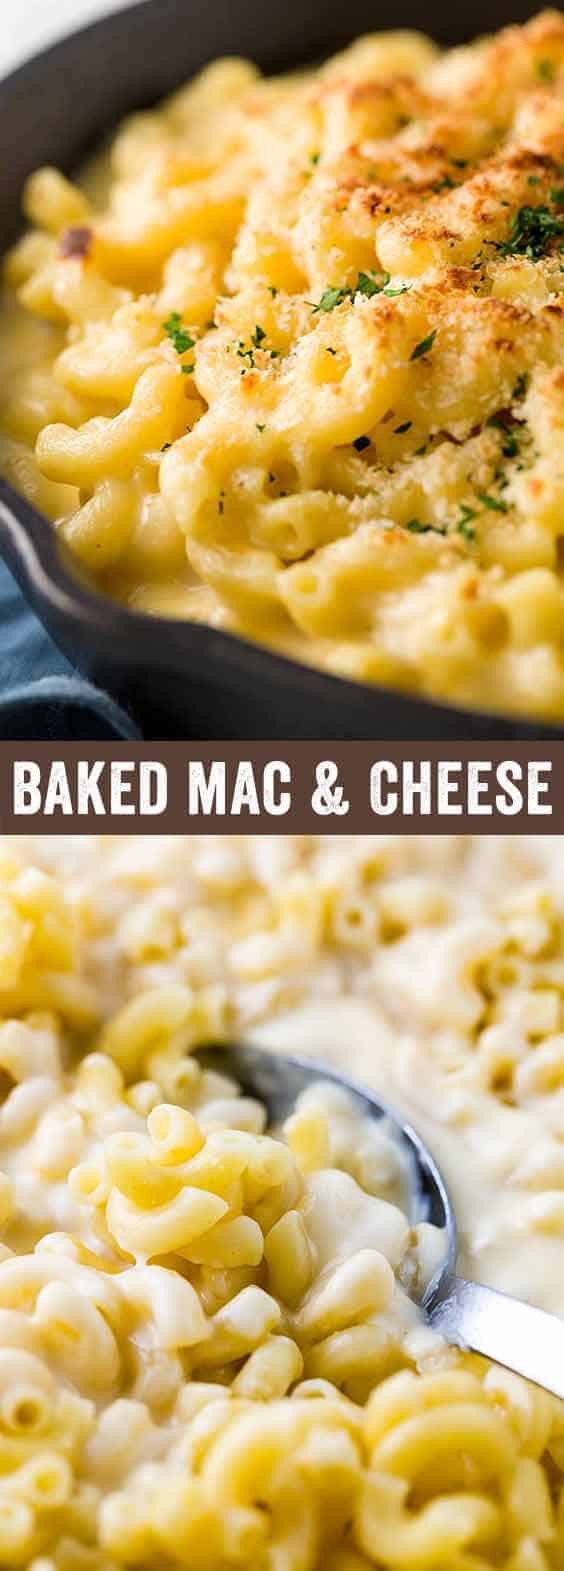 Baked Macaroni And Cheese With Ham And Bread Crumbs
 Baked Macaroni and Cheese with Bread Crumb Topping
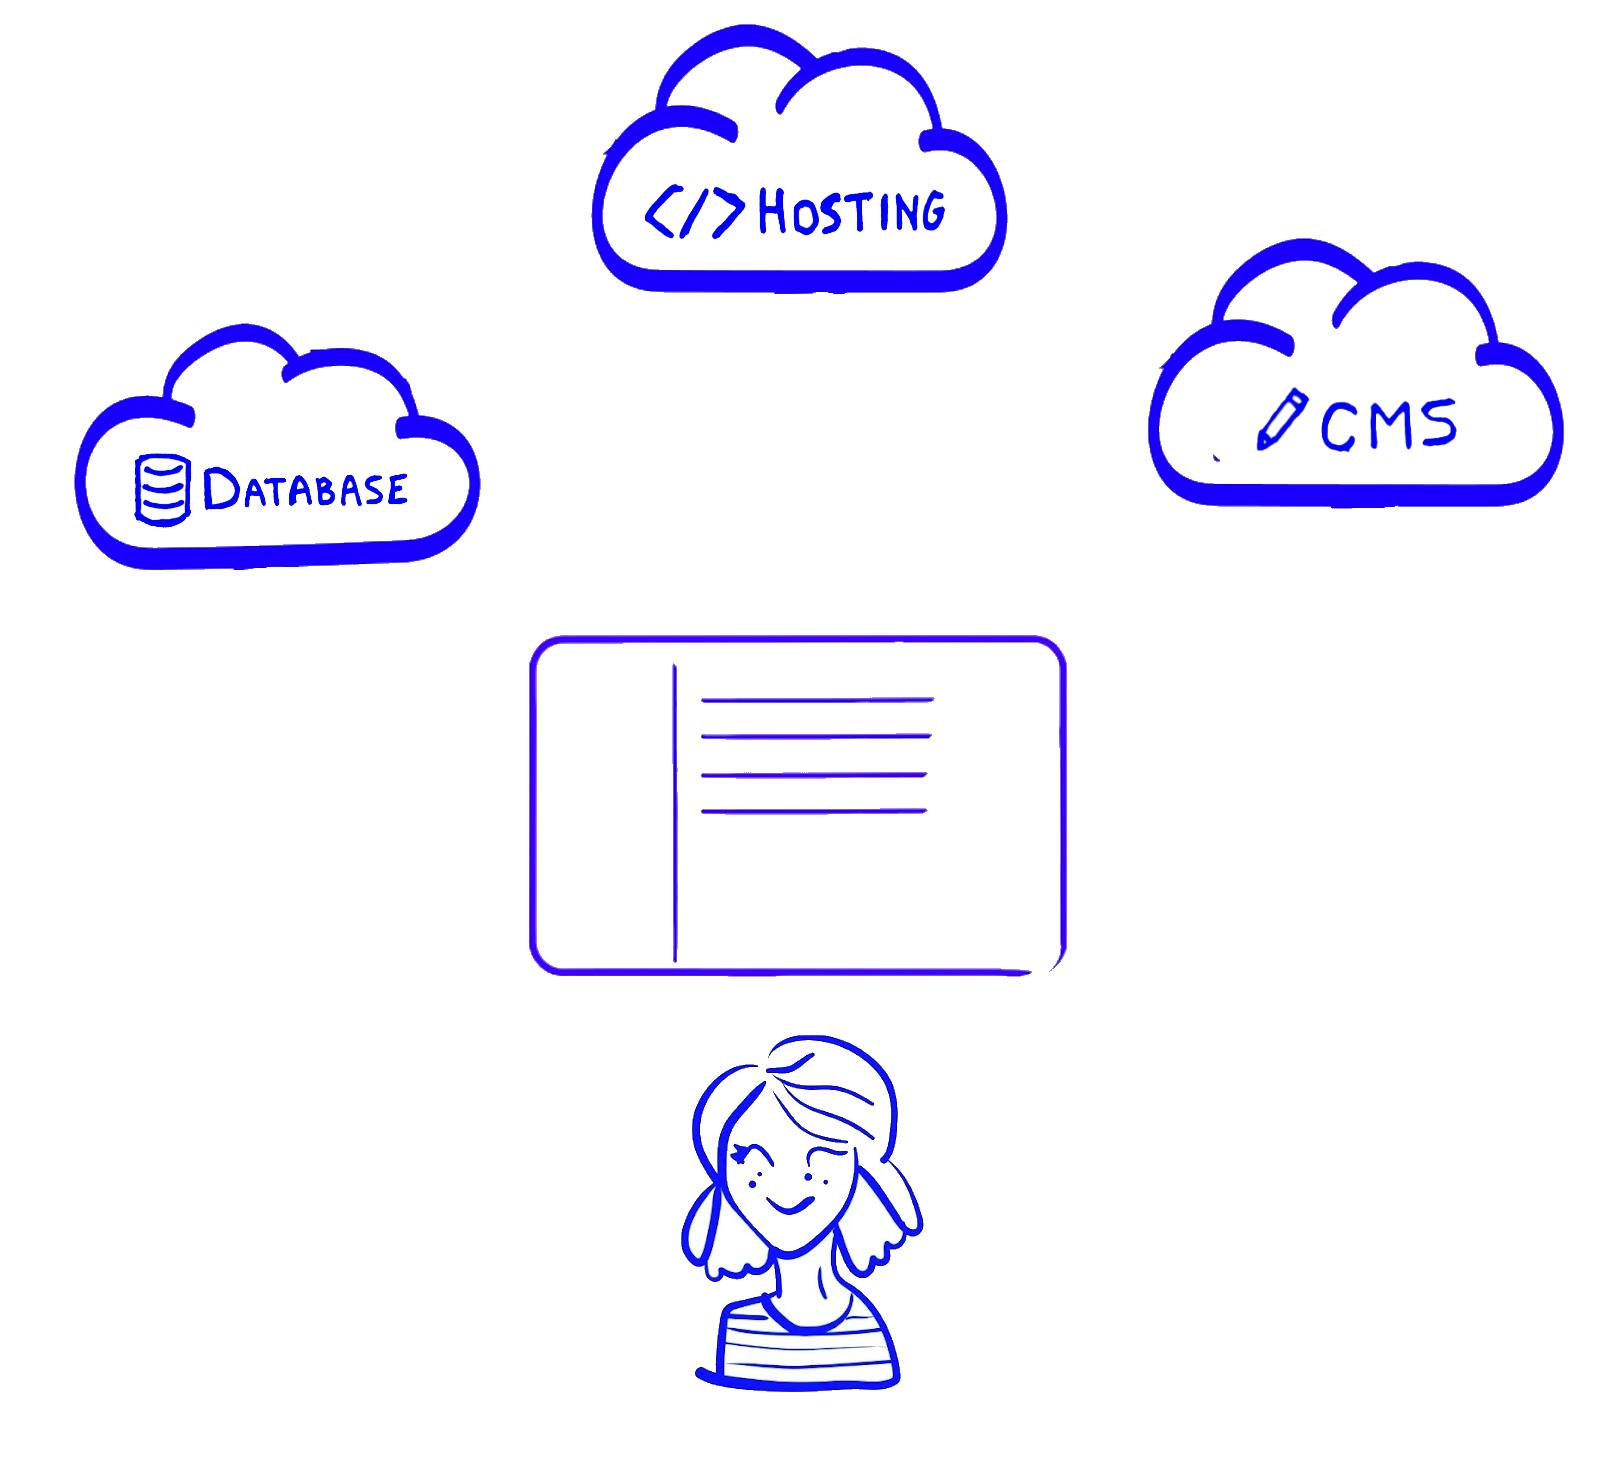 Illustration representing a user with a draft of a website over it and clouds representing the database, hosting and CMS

-- The problem --
Nothing should be printed except the lines from the one with "Baked Macaroni and Cheese with Bread" through the last line of the listing above, both ends included; please drop the pictures.

-- Solution --
 Baked Macaroni and Cheese with Bread Crumb Topping
 Illustration representing a user with a draft of a website over it and clouds representing the database, hosting and CMS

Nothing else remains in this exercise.